A cube is a formula of the form \(l_1\wedge \cdots \wedge l_n\) where \(l_i\) are literals. In the cube-and-conquer paradigm a SAT instance is split into a number of distinct subinstances specified by cubes. Each subinstance contains a single cube and the cube is assumed to be true for the purposes of solving the subinstance. The cubes are typically generated by running a “cubing solver” on the SAT instance which attempts to find a set of cubes which split the instance into subinstances of approximately equal difficulty. After the cubes have been generated a “conquering solver” solves the subinstances either in sequence or in parallel. Ideally, the literals in each cube are added to the solver as incremental assumptions. In this case, after each cube is solved the assumptions are removed and the literals from the next cube are added without restarting the SAT solver.

2.3 Symbolic Computation and SAT+CAS

Symbolic computation is a branch computer science devoted to manipulating and simplifying mathematical expressions.
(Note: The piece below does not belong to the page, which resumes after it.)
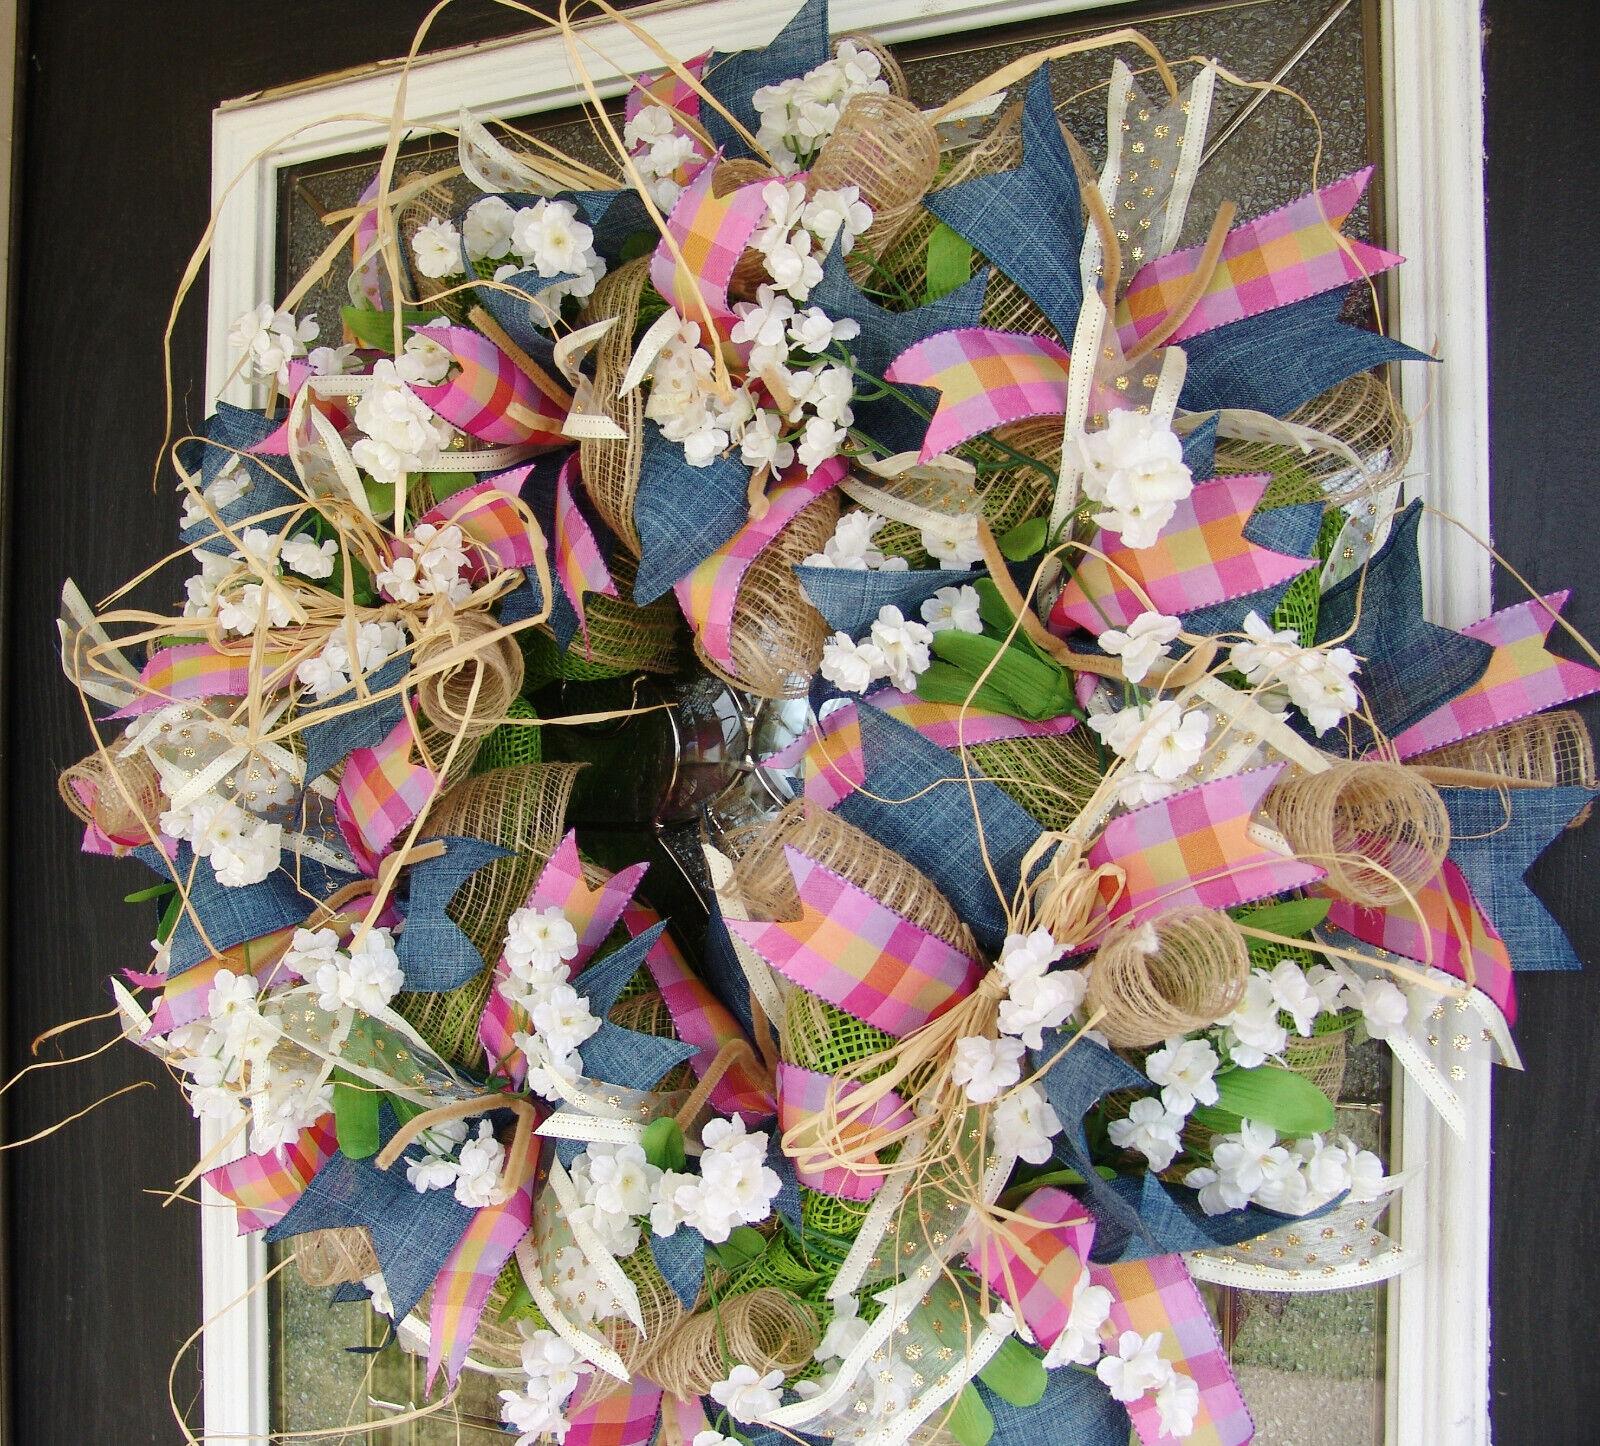 Country Farmhouse Spring Deco Mesh Front Door Wreath, Denim Floral Easter Decor

Many computer algebra systems (CASs) are available today that contain extensive symbolic computation functionality from a huge number of mathematical domains. However, although CASs contain many sophisticated algorithms, they have not typically been optimized to perform searches in the way that SAT solvers have [1, 4].
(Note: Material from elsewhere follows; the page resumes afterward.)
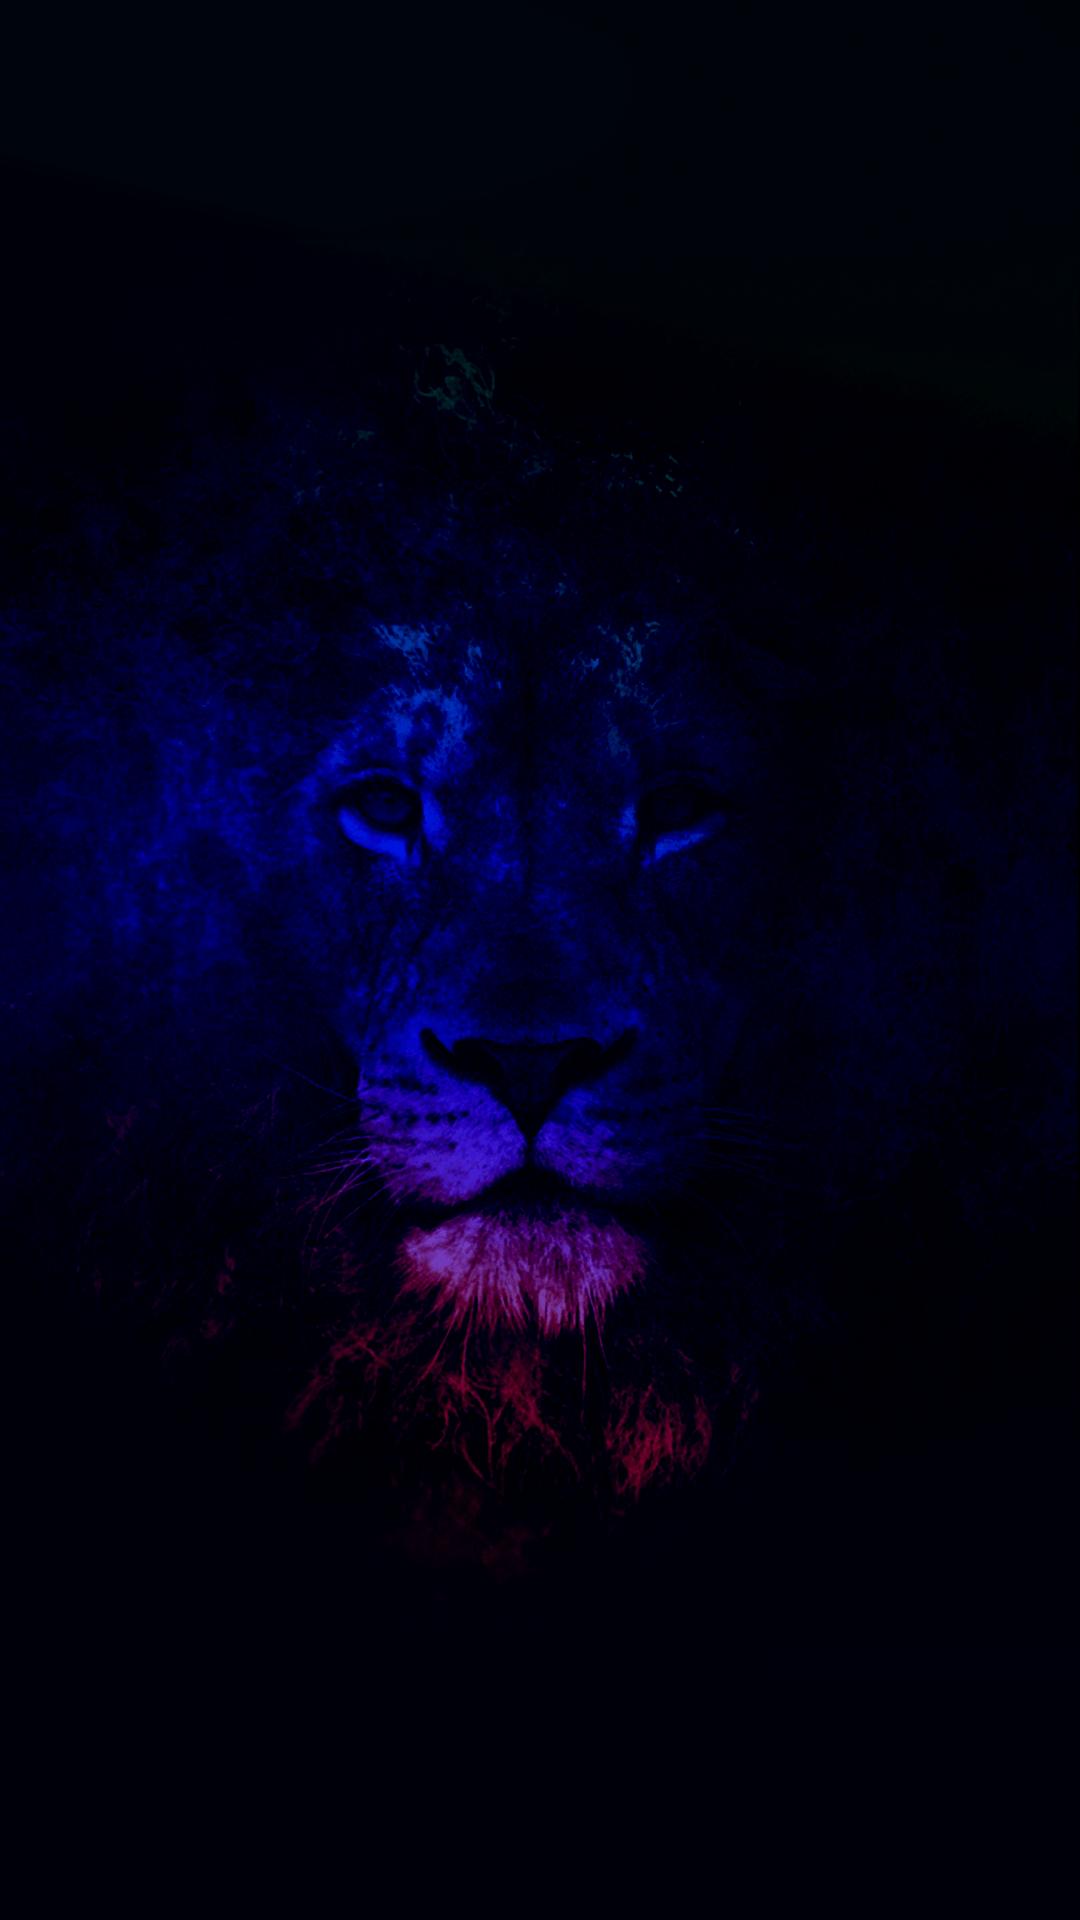 Lion Iphone Android Iphone Desktop Hd Backgrounds Wallpapers 1080p 4k Lion Wallpaper Lion Pictures Lion Wallpaper Iphone

For problems that need both mathematical sophistication and finely-tuned search it can be useful to combine computer algebra and SAT solvers [10]. Recently SAT+CAS methods have been used in a number of various problems—for example, they have been used to verify the correctness of Boolean arithmetic circuits [24], improve the best known result in the Hadwiger–Nelson plane-colouring problem [17], find many new algorithms for multiplying \(3\times 3\) matrices [19], and improve the best known result in the Ruskey–Savage hypercube conjecture [40].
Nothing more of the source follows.